Meticulous, pale and delicate, the work of a group of artists from Hong Kong is getting noticed well beyond its borders. Characterised by fine lines and sophisticated irony, these understated works in a variety of media show a provocative subtley which turns its back on the ‘in your face’ thick outlined, neon-coloured flat art derived from Japanese cartoons and Murakami influences ubiquitous in Asia.

In his January 2009 show Music Families at the Singapore Tyler Institute, Wilson Shieh (1970) displayed a series of prints showing naked human figures who , with characteristic irony, are transformed into musical instruments being ‘played’.

A Time Out Singapore review describes his interest in classical techniques: “Shieh’s love of ancient Chinese arts compelled him to master the meticulous 17th-century fine-brush technique of gongbi, a style that calls for precision of detail and a measured hand.”

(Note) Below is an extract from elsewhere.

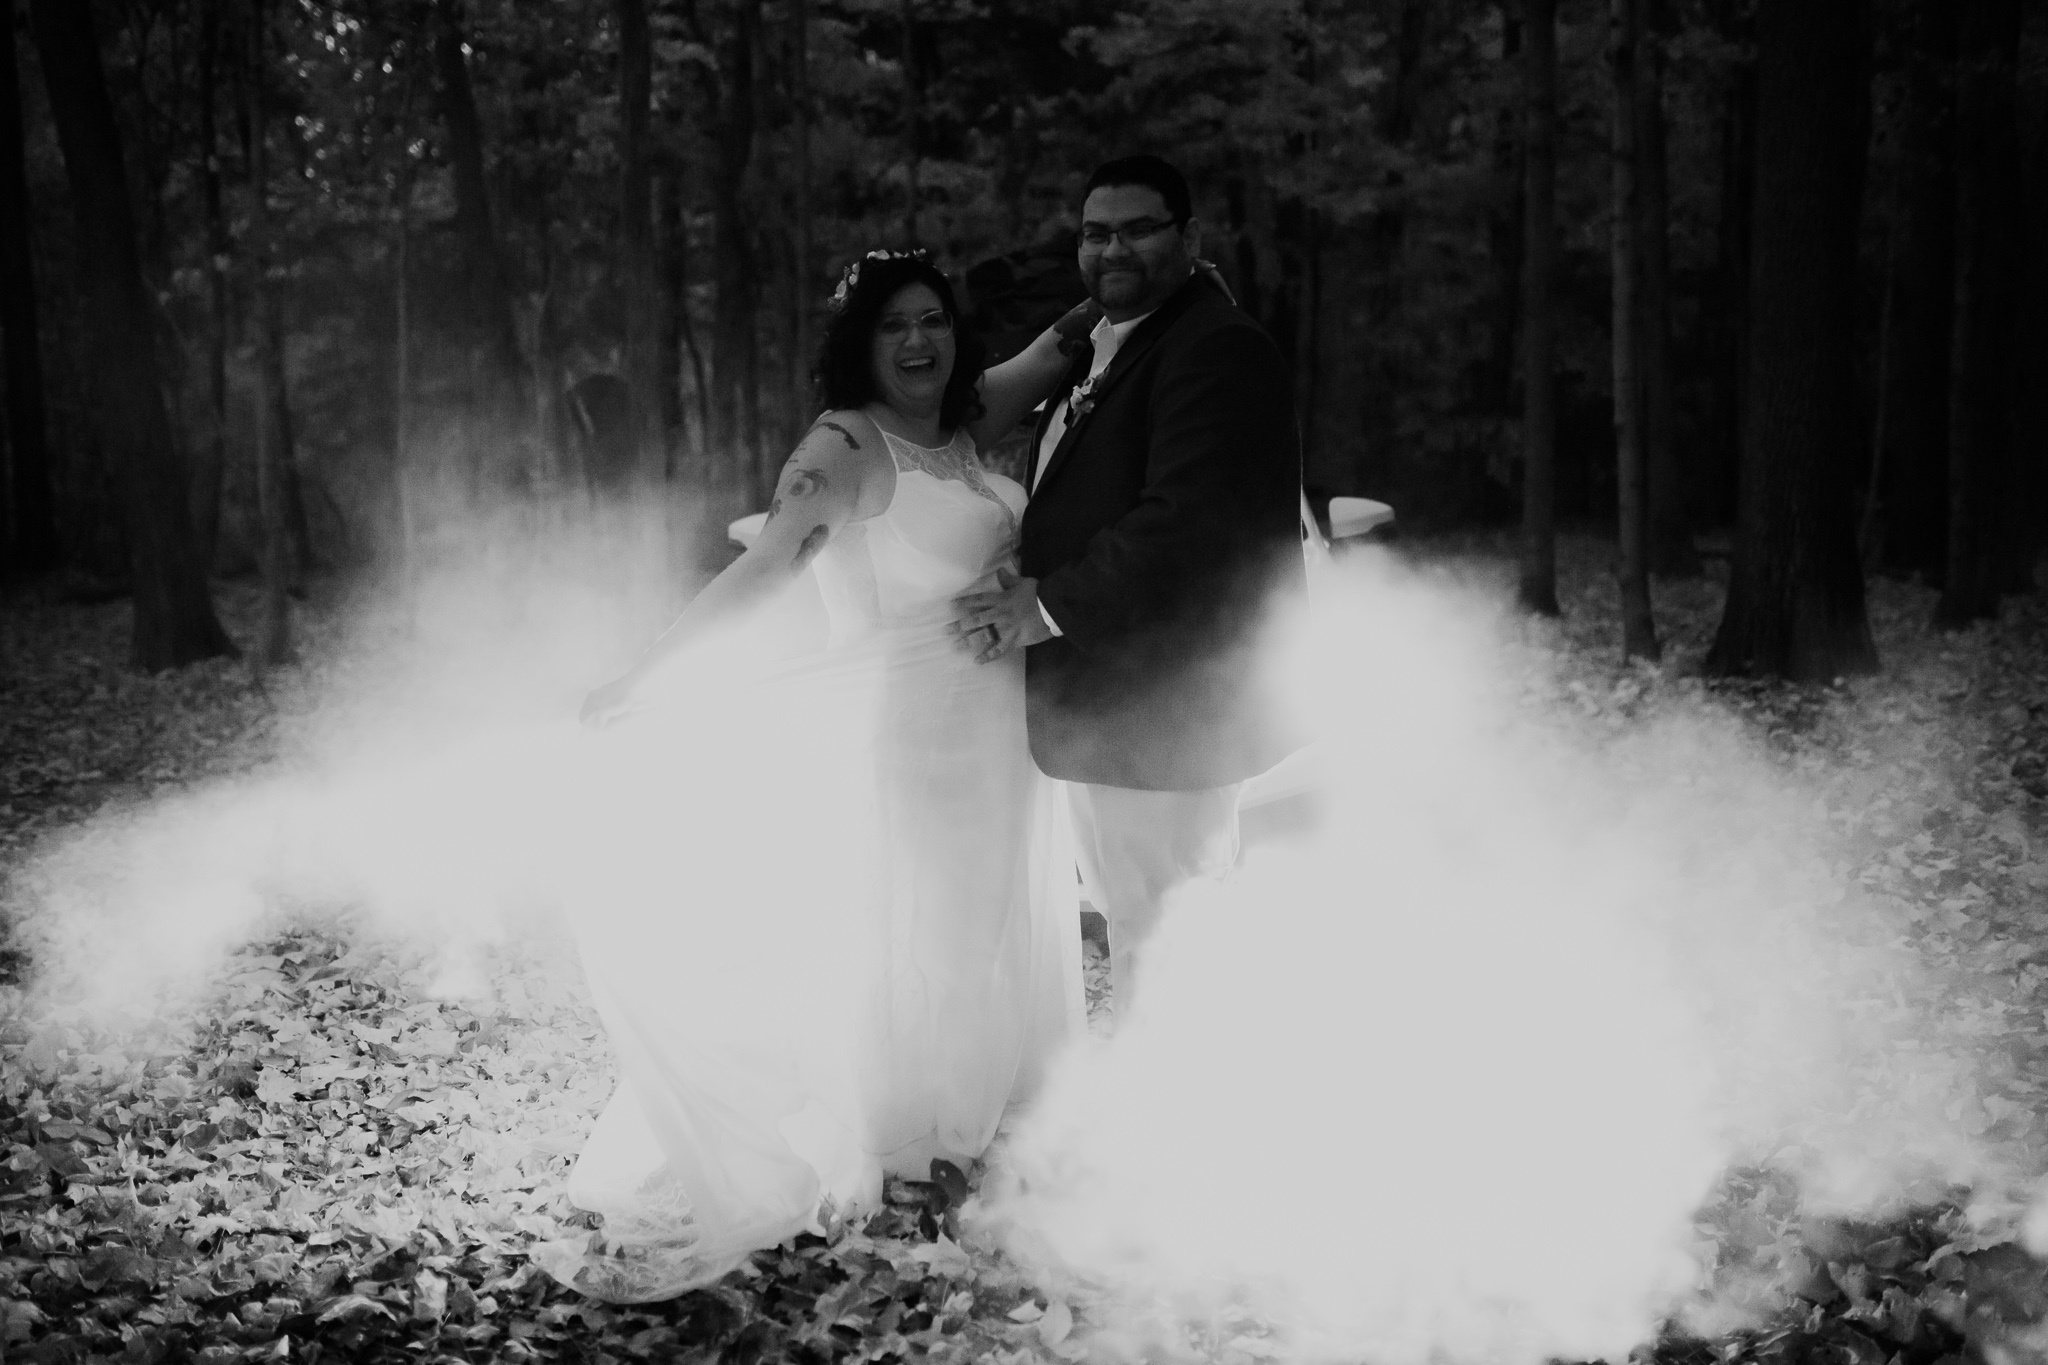 Bride and groom snuggle by a campfire during their fall elopement at Turkey Run State Park

Last year Wilson Shieh was included in the Hong Kong Museum of Art’s show New Ink Art: Innovation and Beyond and was also selected by Claire Morin of Time Out as one of the Magnificent Seven Hong Kong artists.  Shieh is popular with collectors too and is “arguably Hong Kong’s bestselling contemporary artist” says Morin . His three solo shows in the city since 2001 have completely sold out, and there is a waiting list for his new work. “I always think I’m the lucky one. When I started working in this style 14 years ago, I never dreamed I could sell my work and make a living.”

Wilson Shieh Music Families

Wilson Shieh Music Families

Shieh had a busy year in 2008. His works were shown in international art fairs in Europe and Asia, in June he took part in a two-week residency in Singapore’s Print Institute and he has been organising shows in UK and Taiwan.

 “Artists can do their bit working in their studios, but we need help from others in the art field, the galleries and curators,” suggests Shieh of the current Hong Kong art scene. “Right now we’re lacking curators who can bring our work to an international platform, and galleries who can promote our work.”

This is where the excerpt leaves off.